Material provided:
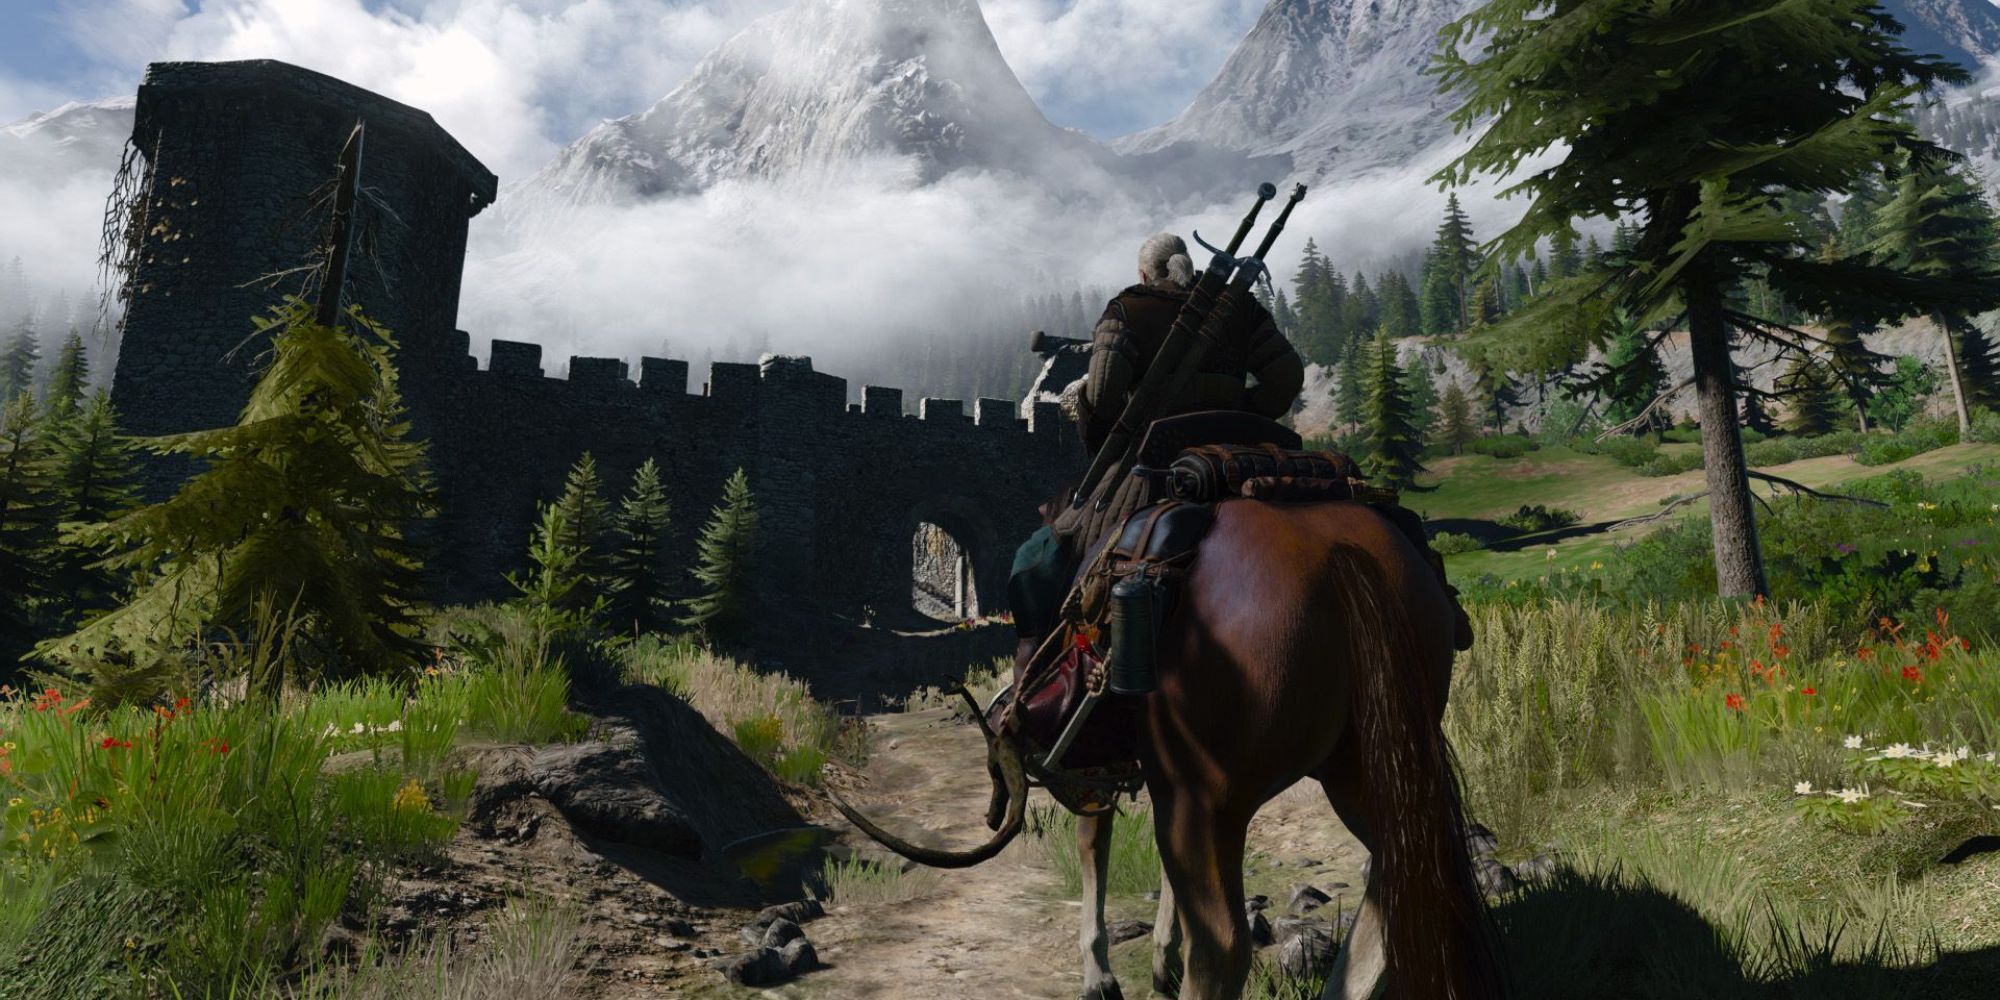 Geralt rides toward an old fortification in Kaer Morhen's valley in The Witcher 3.
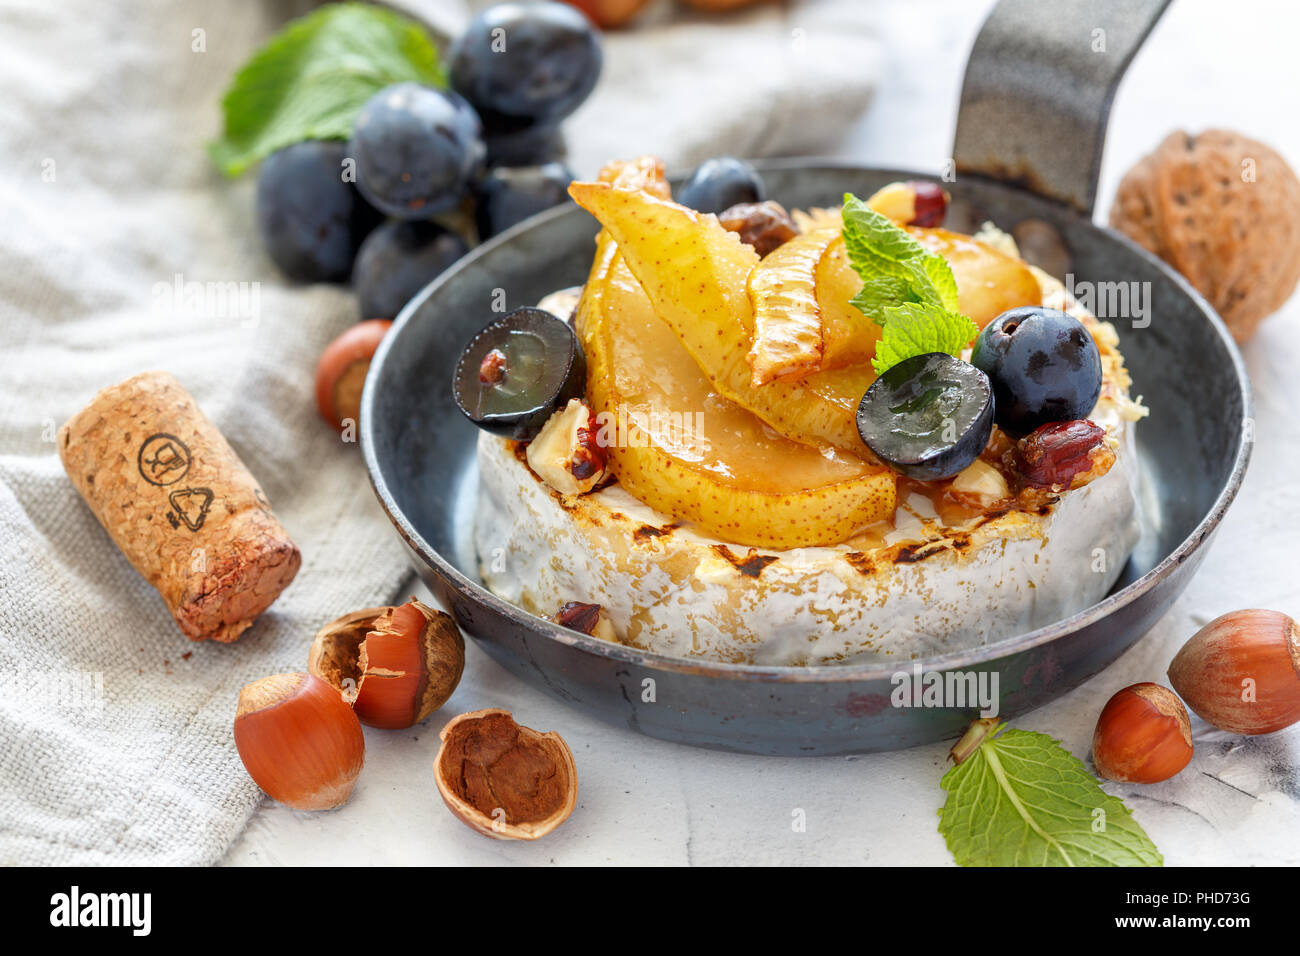 Grilled camembert with pears and black grapes. Stock Photo
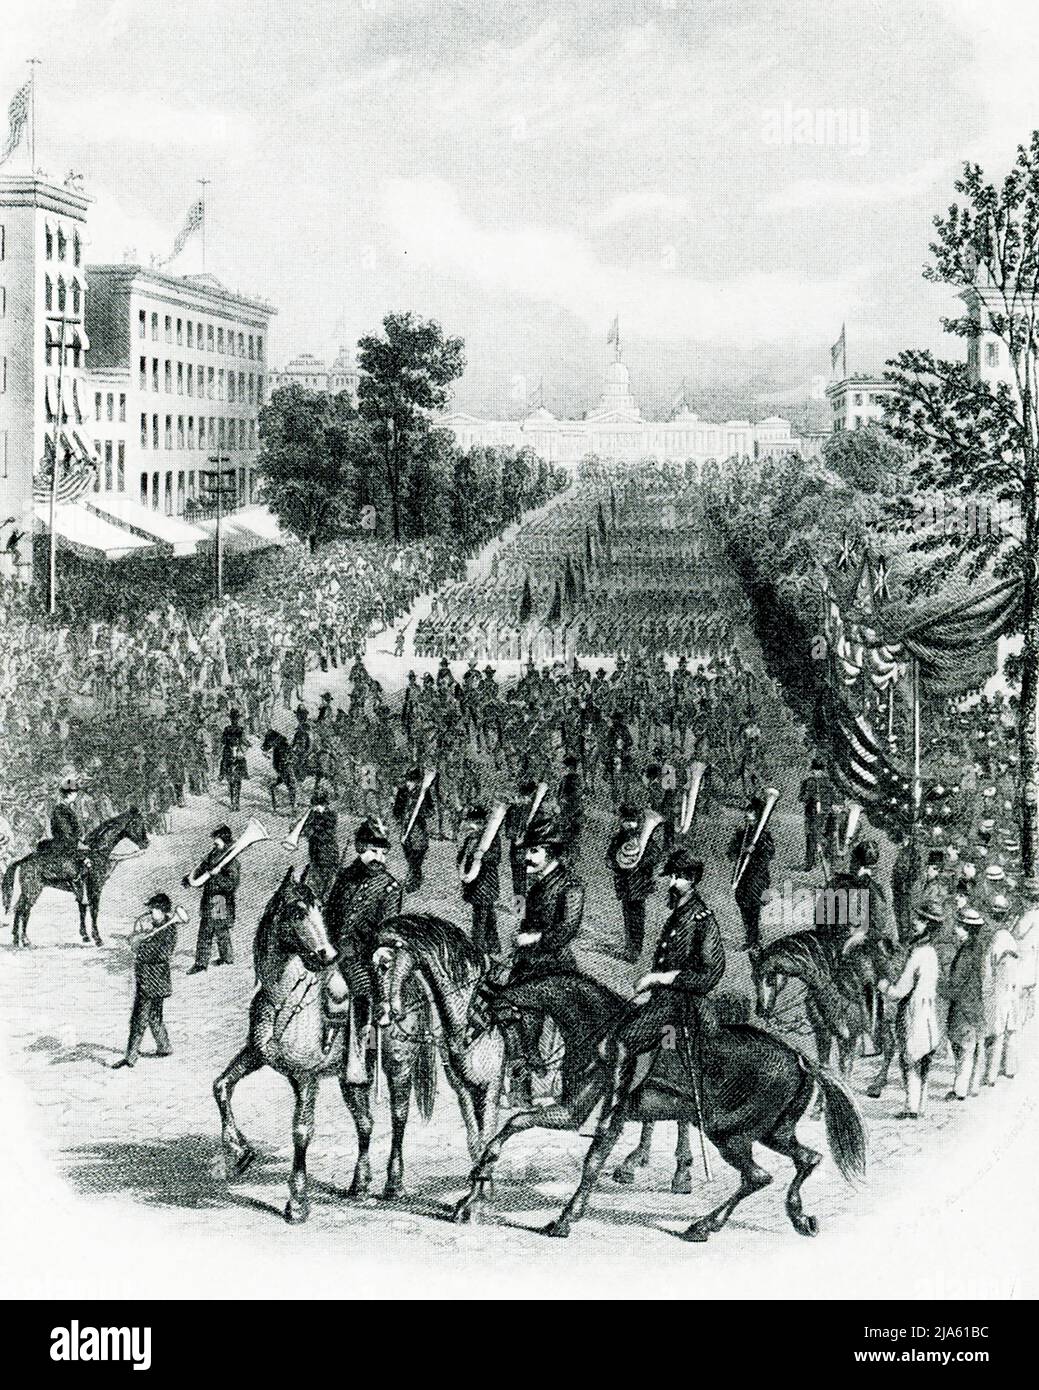 The 1903 caption reads: 'Grand Review at Washington May 24 and 25, 1965.' On May 23 and 24, 1865, before the soldiers were mustered out of the Union Army, a Grand Review of the Armies was held in Washington, D.C., to honor the victorious troops. President Andrew Johnson also hoped to elevate the mood of a city that was devastated by the loss of President Abraham Lincoln Stock Photo
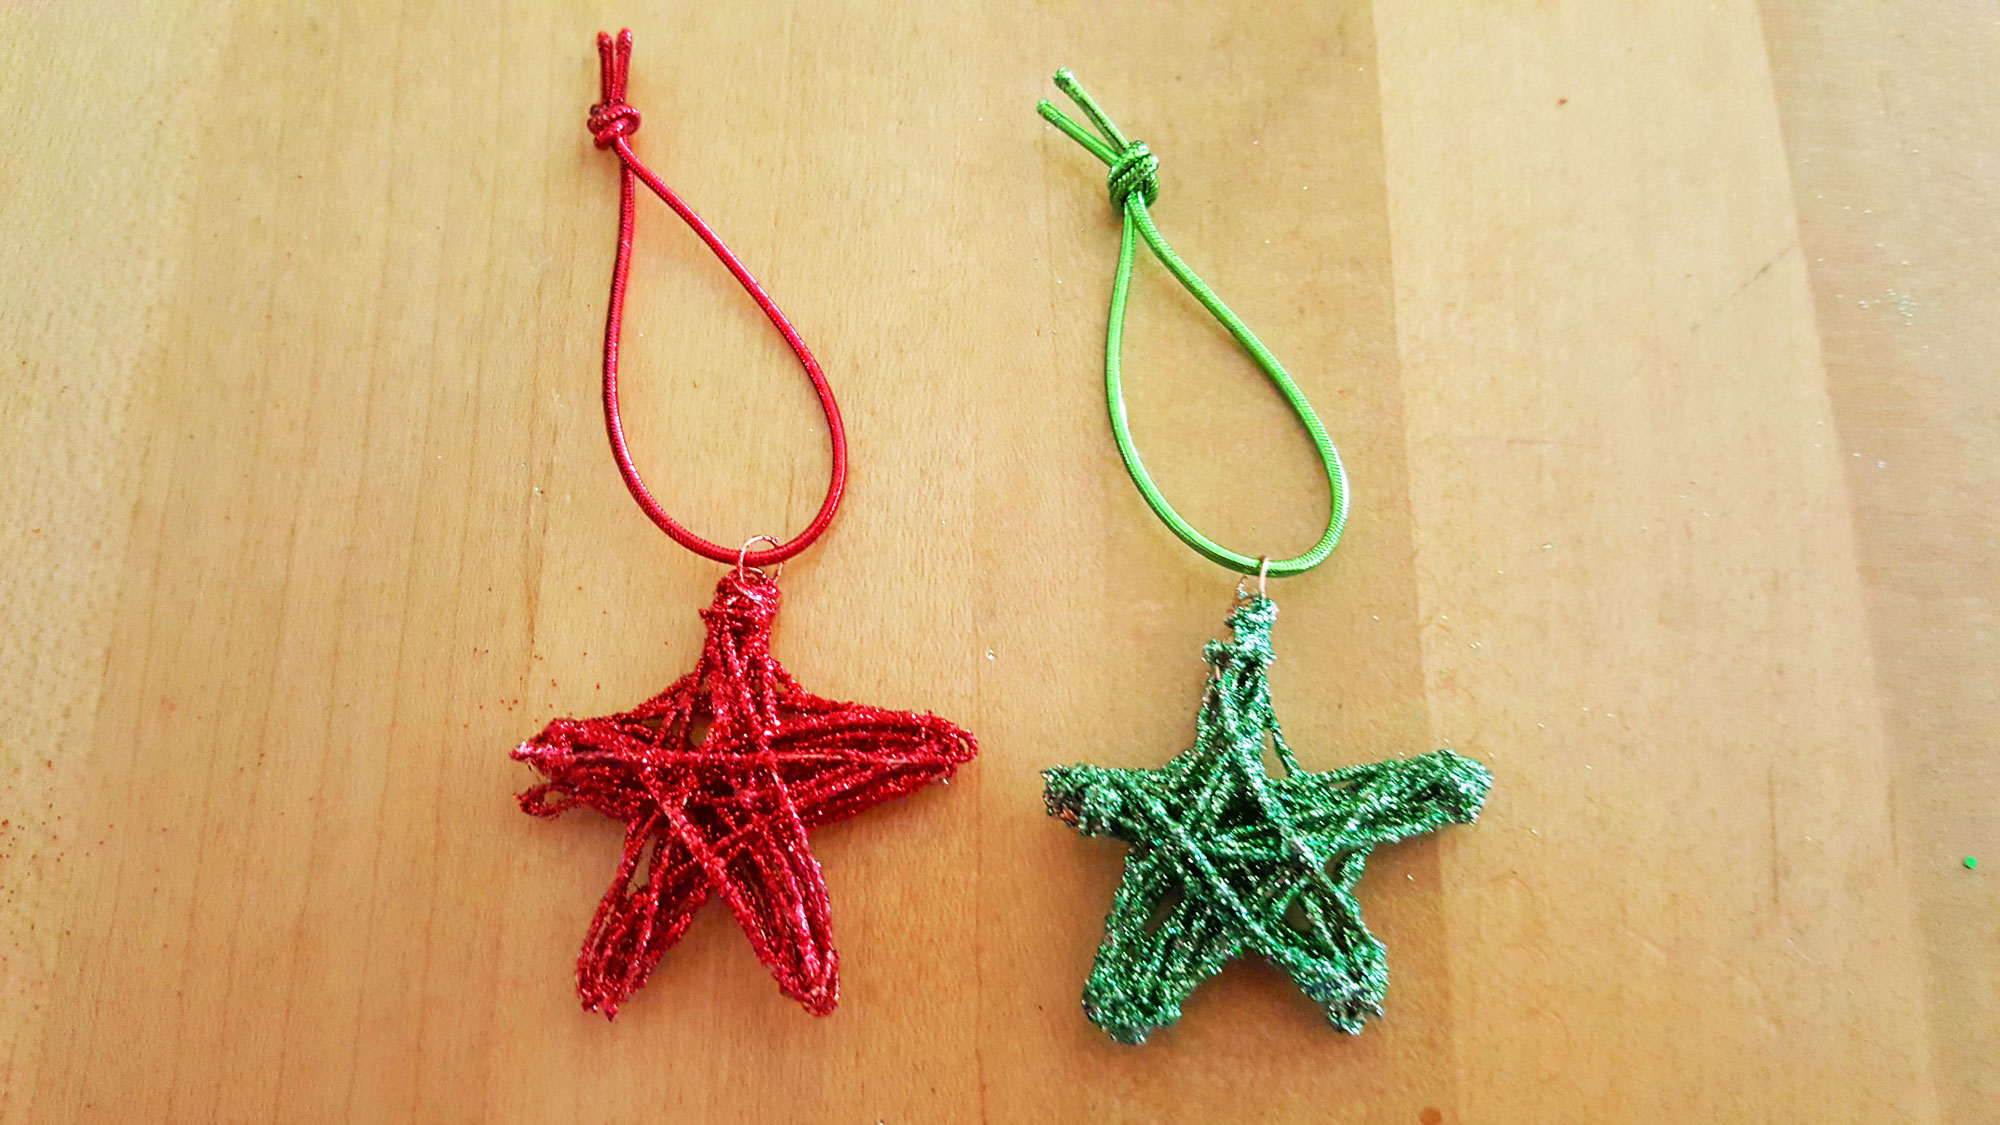 A red and green DIY star ornament side by side on a counter | OrnamentShop.com
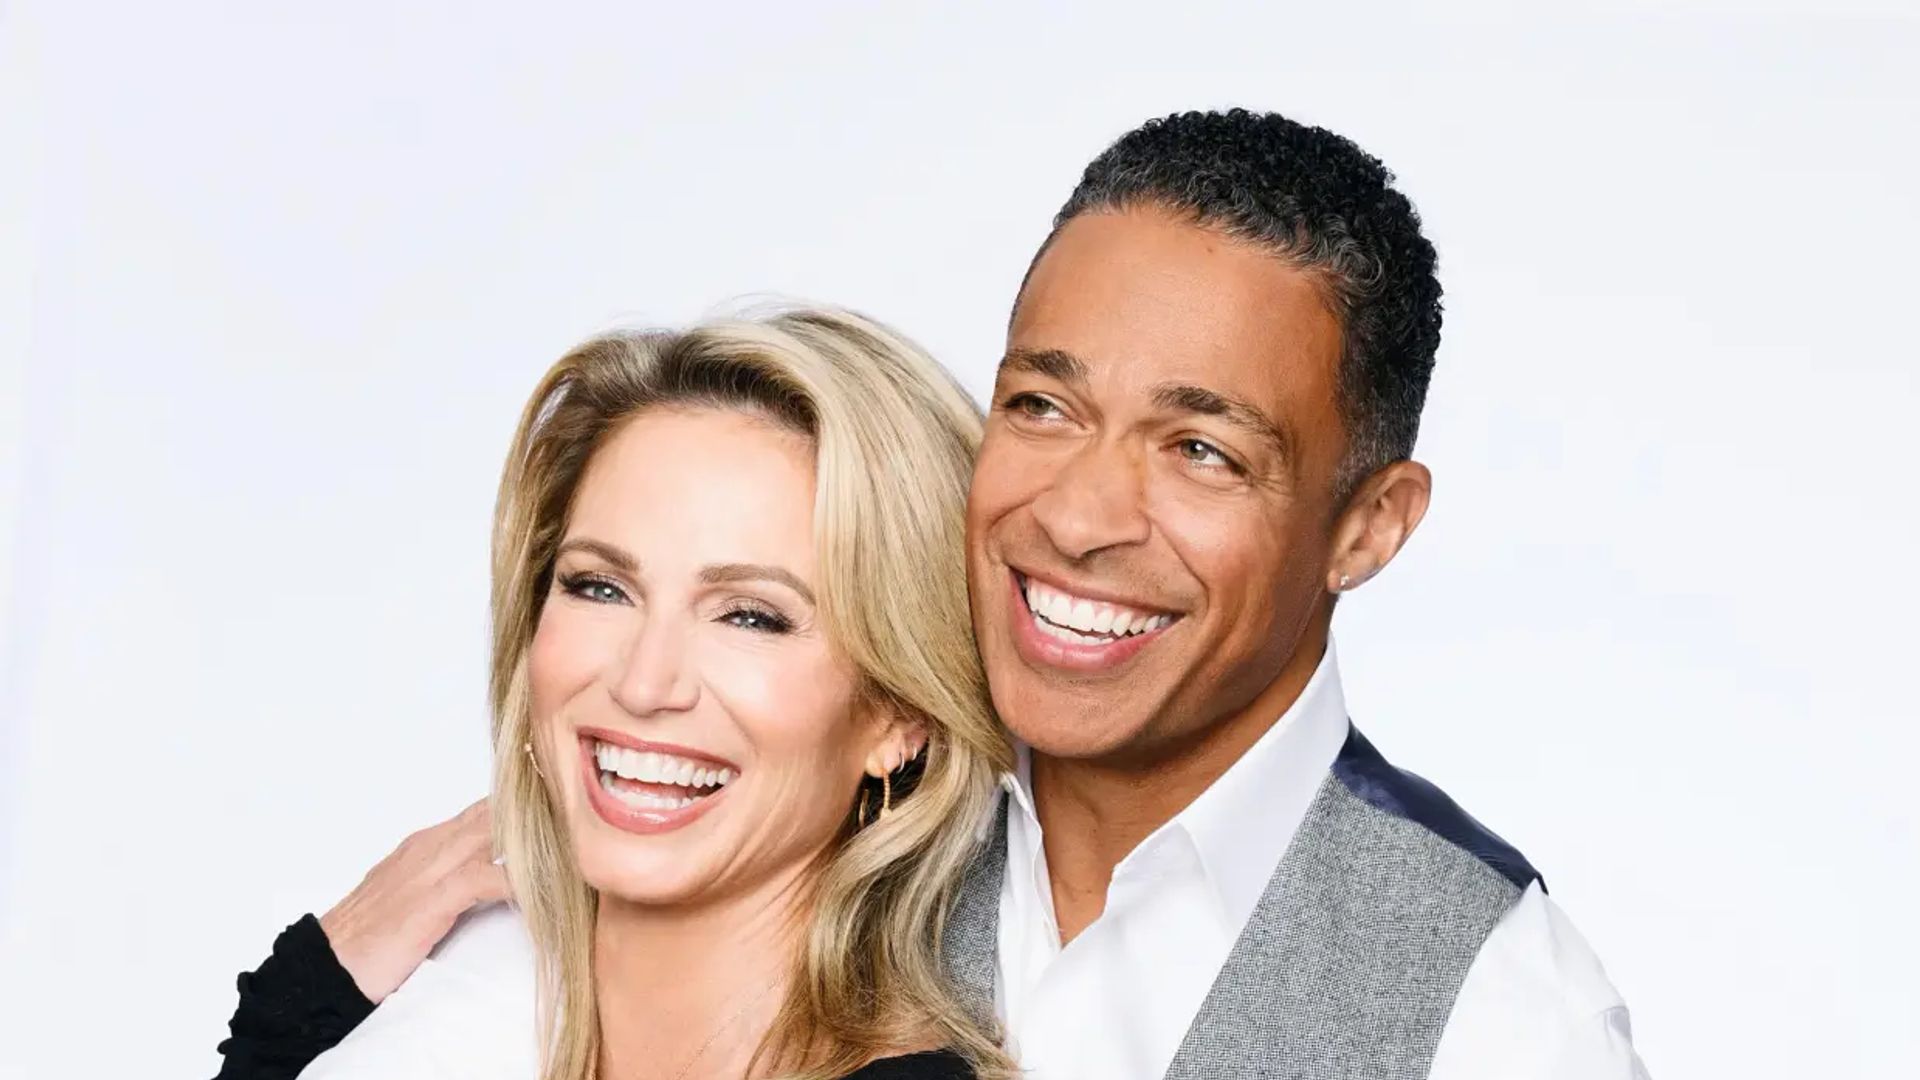 TJ Holmes and Amy Robach celebrate big news with mid-day champagne at romantic lunch

Directions:
Your copy should match every entry above exactly and contain no pictures.

Solution to this problem:
 Geralt rides toward an old fortification in Kaer Morhen's valley in The Witcher 3.
 Grilled camembert with pears and black grapes. Stock Photo
 The 1903 caption reads: 'Grand Review at Washington May 24 and 25, 1965.' On May 23 and 24, 1865, before the soldiers were mustered out of the Union Army, a Grand Review of the Armies was held in Washington, D.C., to honor the victorious troops. President Andrew Johnson also hoped to elevate the mood of a city that was devastated by the loss of President Abraham Lincoln Stock Photo
 A red and green DIY star ornament side by side on a counter | OrnamentShop.com
 TJ Holmes and Amy Robach celebrate big news with mid-day champagne at romantic lunch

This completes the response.